All of these solutions simplify the use of Solana VM and expand its reach. Users from other chains will also be able to "taste" Solana's parallelization experience without any barriers, which may lead to more people recognizing the advantages of SVM, allowing more projects to move their dApps to Solana from its Benefit from the architecture and add more users.

SVM is the next generation blockchain environment for developers

Although only three years old, Solana has already demonstrated impressive performance and the development of extension solutions (such as Nitro and Eclipse) on top of its VM, highlighting the success of its innovative execution architecture. Solana has been able to learn from the challenges faced by older networks like Bitcoin and Ethereum. Bitcoin was not designed for smart contracts, which led to the emergence of Ethereum. Likewise, Ethereum was not ready for mass adoption and high-speed transactions, paving the way for Solana and parallel processing. Additionally, it is becoming increasingly easier for developers to access SVM environments, with Neon Labs introducing Solidity compatibility with the Solana runtime, as well as the upcoming Runtime v2 upgrade, which should enable developers to use multiple programming languages (e.g. Move) Build SVM-compatible dApps.

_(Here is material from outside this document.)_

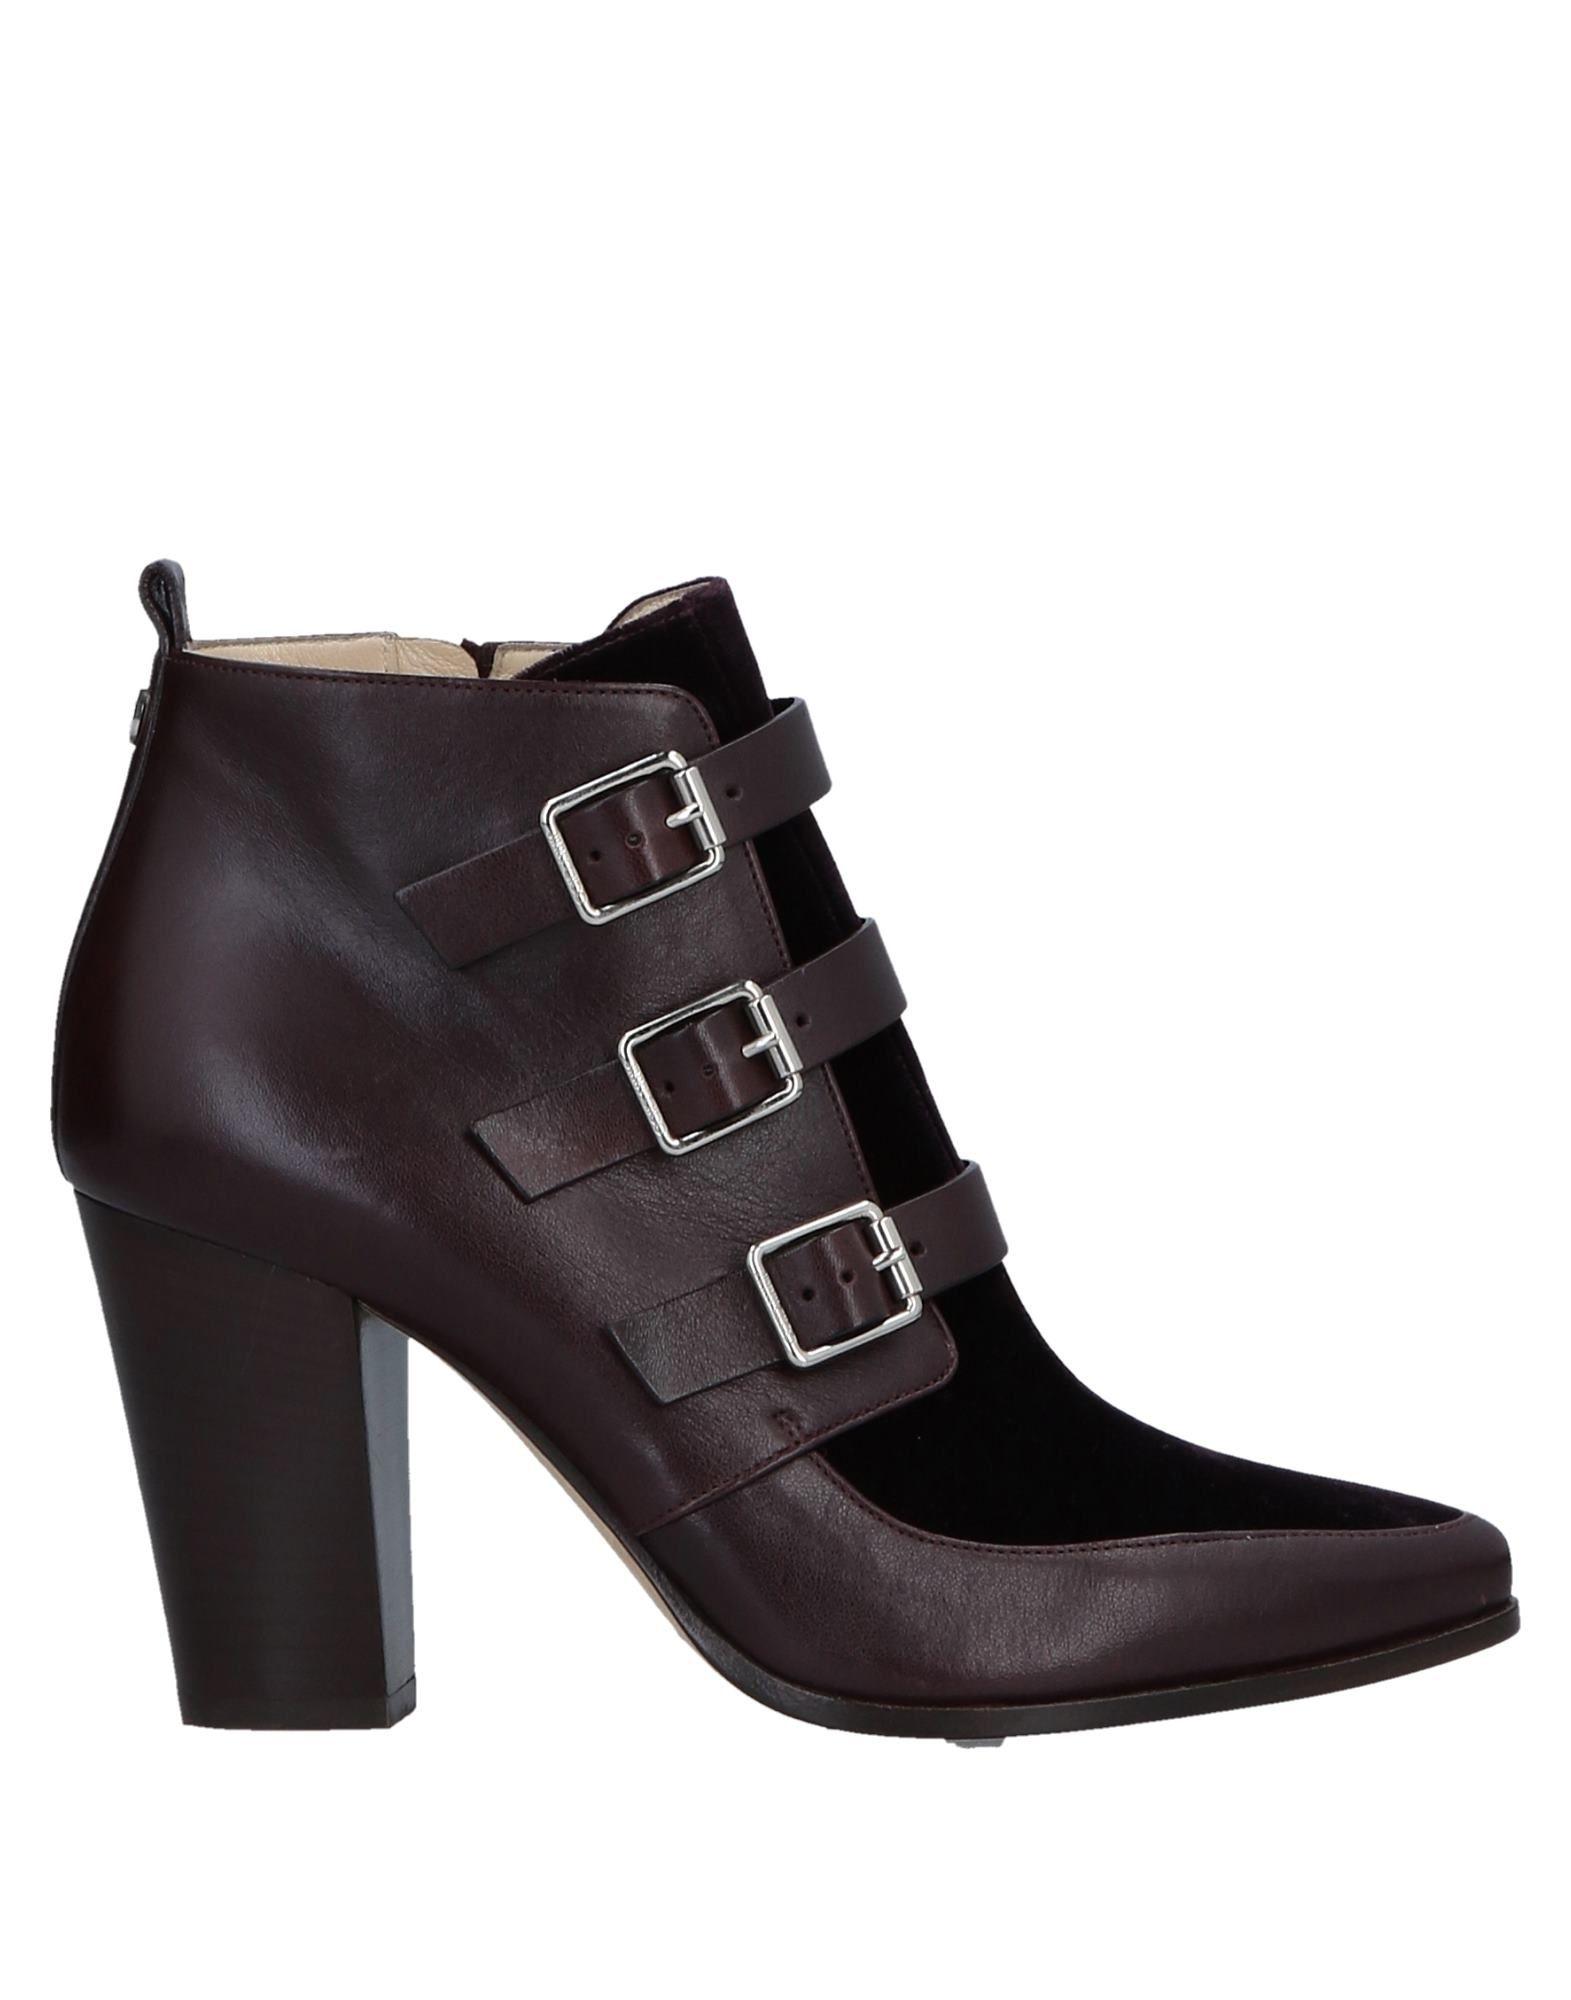 Jimmy Choo Stiefelette Damen  11523500KJGünstige gut aussehende Schuhe

It's clear that Solana VM provides a more advanced environment for building next-generation applications. Parallel processing of transactions enables higher throughput. Similar to what is possible in traditional finance, enabling developers to build any type of product without worrying about speed limits or fees. Building on-chain with TPS 15 will not lead to mass adoption of crypto. Thanks to SVM and Sealevel, Solana can (already) process thousands of transactions without congestion or significant gas fees, making it the perfect environment for building these new applications. As validator hardware improves, Solana’s Sealevel runtime will be able to process more transactions in parallel, widening the gap between SVM and EVM while attracting more users.

Squads will support extensions to the Solana Virtual Machine (SVM) and introduce multi-signature (multisig) capabilities to the entire SVM ecosystem, allowing anyone to manage the chain using the best blockchain execution environment and the best self-hosting experience on assets.